Romantic Rocks, Aesthetic Geology

Romantic Rocks, Aesthetic Geology
Author: Noah Heringman
Publisher: Cornell University Press
Total Pages: 327
Release: 2011-02-23
Genre: Literary Criticism
ISBN: 0801457513

Why are rocks and landforms so prominent in British Romantic poetry? Why, for example, does Shelley choose a mountain as the locus of a "voice... to repeal / large codes of fraud and woe"? Why does a cliff, in the boat-stealing episode of Wordsworth's Prelude, chastise the young thief? Why is petrifaction, or "stonifying," in Blake's coinage, the ultimate figure of dehumanization?
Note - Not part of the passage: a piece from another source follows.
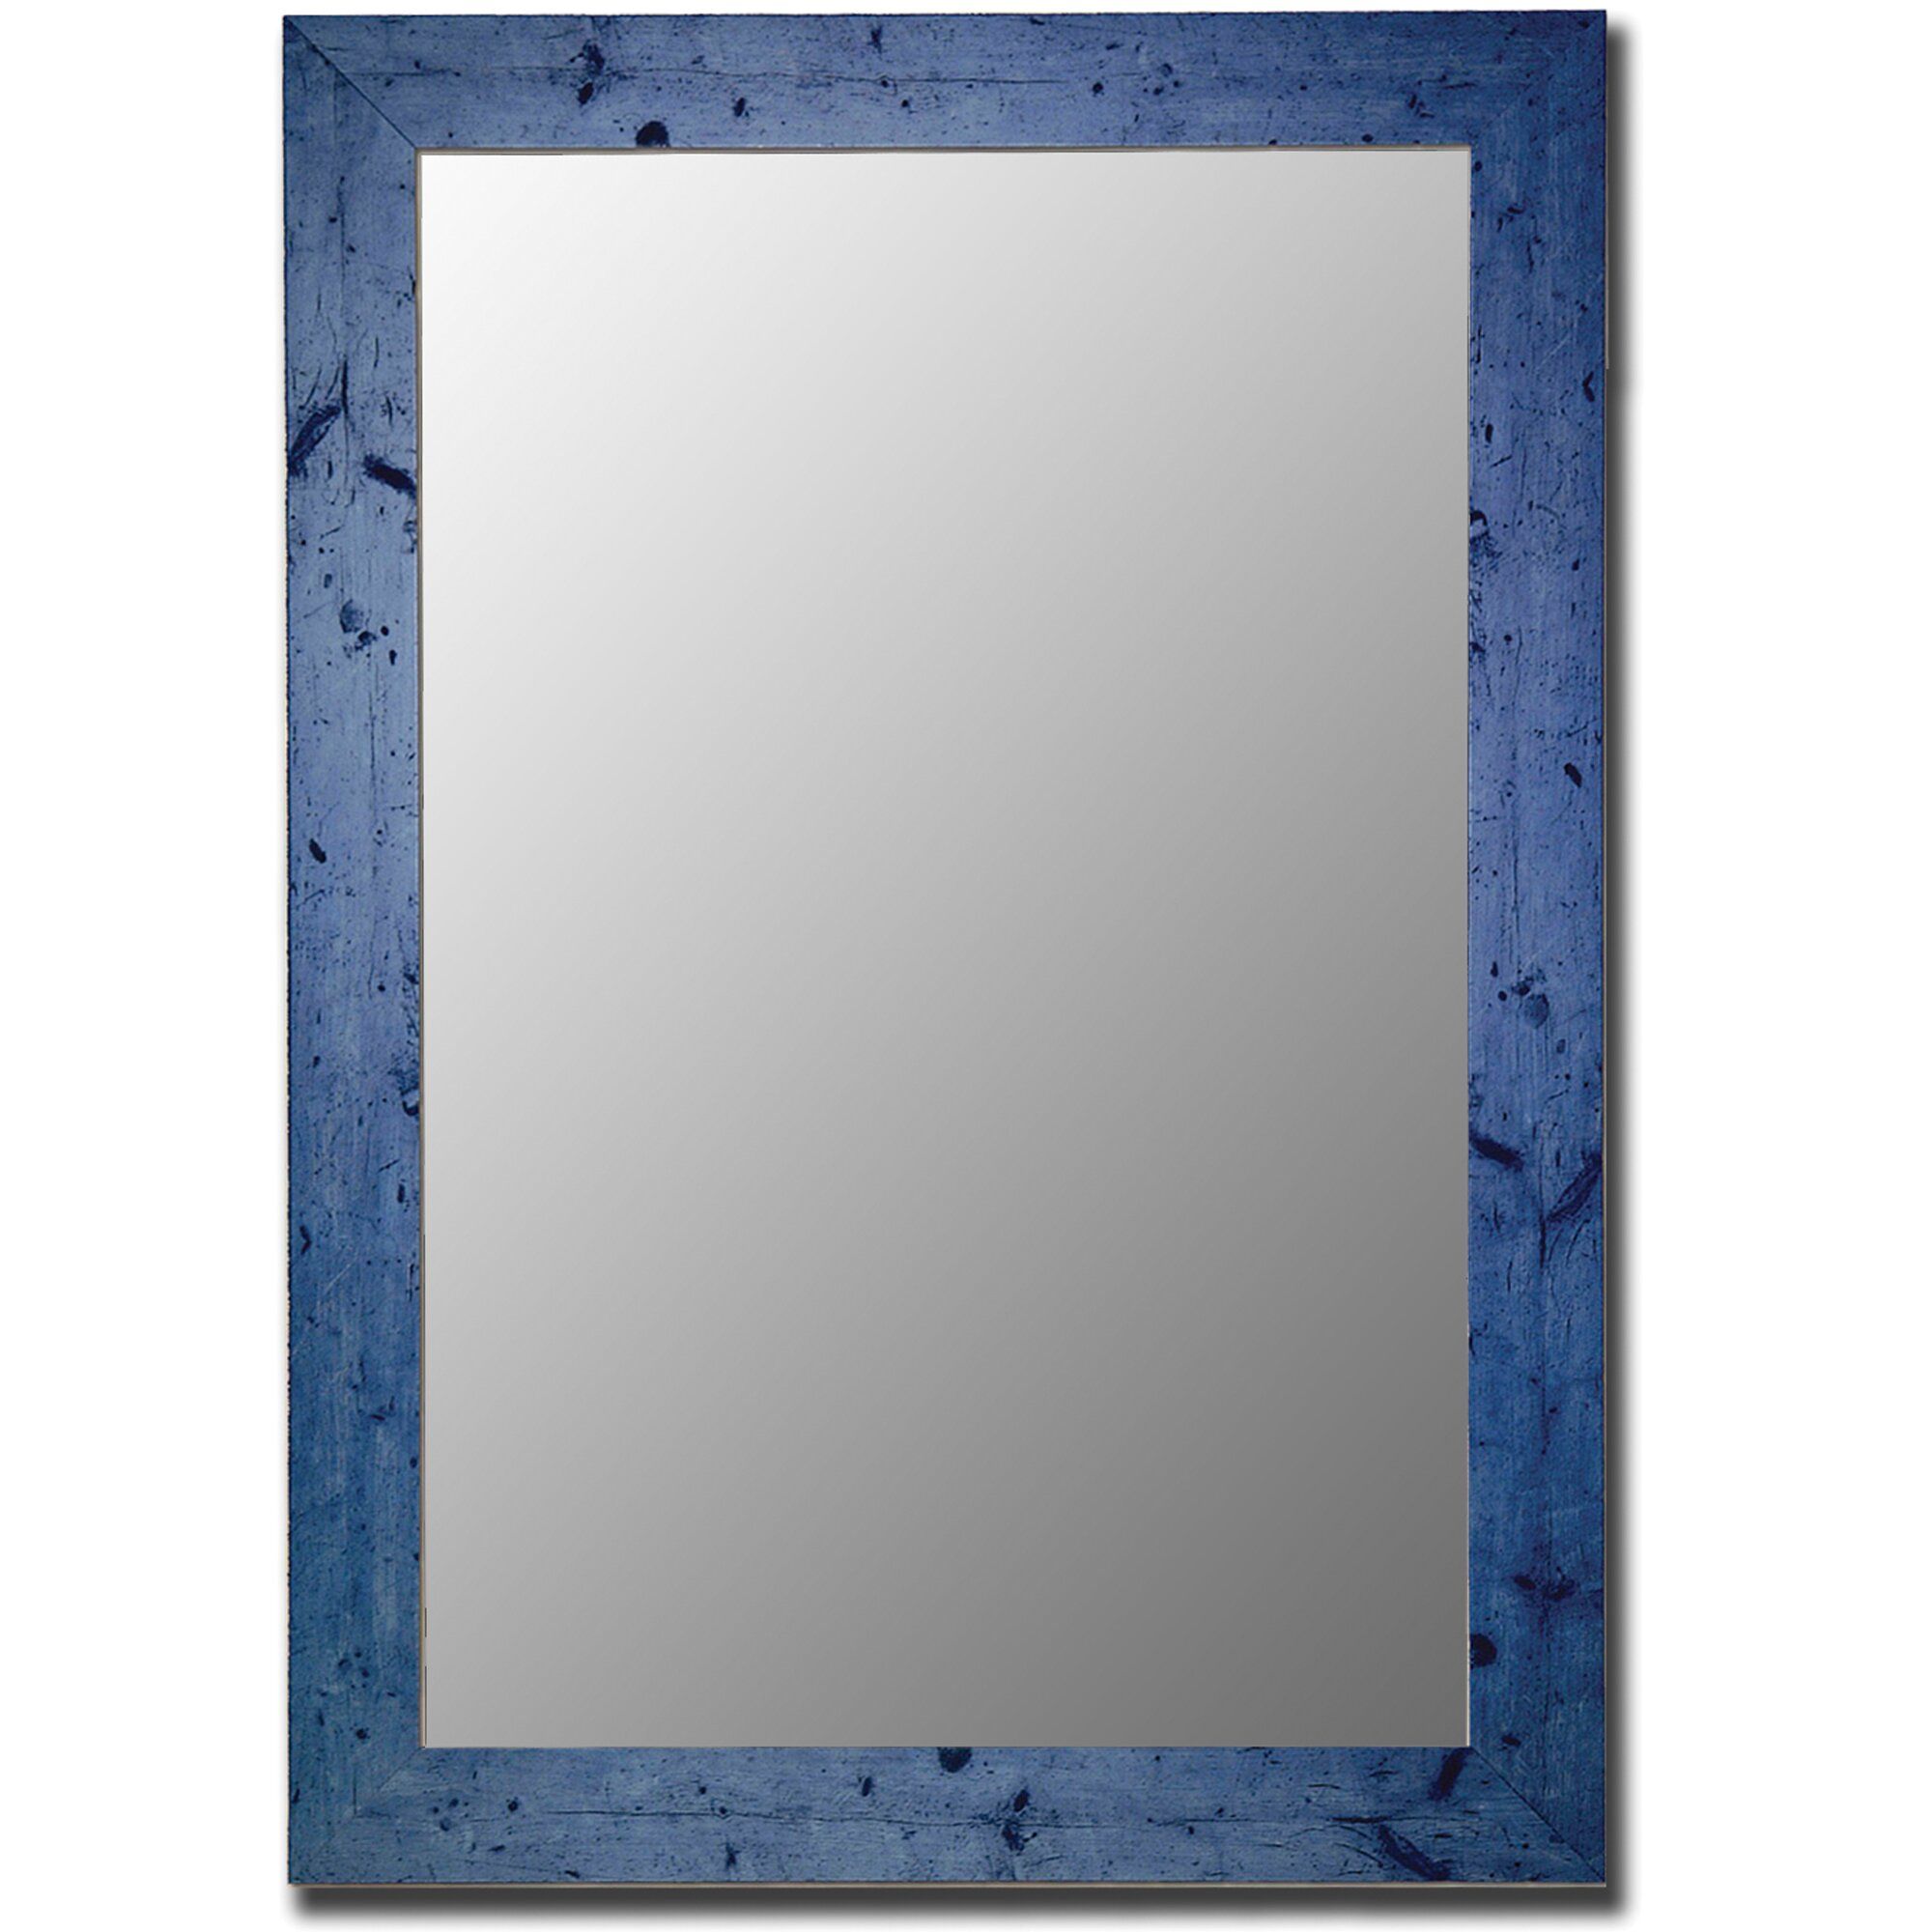 Hitchcock Butterfield Company Vintage Barnwood Blue Wall Mirror Regarding Blue Wall Mirrors (View 14 of 15)

Noah Heringman maintains that British literary culture was fundamentally shaped by many of the same forces that created geology as a science in the period 1770–1820. He shows that landscape aesthetics—the verbal and social idiom of landscape gardening, natural history, the scenic tour, and other forms of outdoor "improvement"—provided a shared vernacular for geology and Romanticism in their formative stages.Romantic Rocks, Aesthetic Geology reexamines a wide range of eighteenth- and nineteenth-century poetry to discover its relationship to a broad cultural consensus on the nature and value of rocks and landforms. Equally interested in the initial surge of curiosity about the earth and the ensuing process of specialization, Heringman contributes to a new understanding of literature as a key forum for the modern reorganization of knowledge.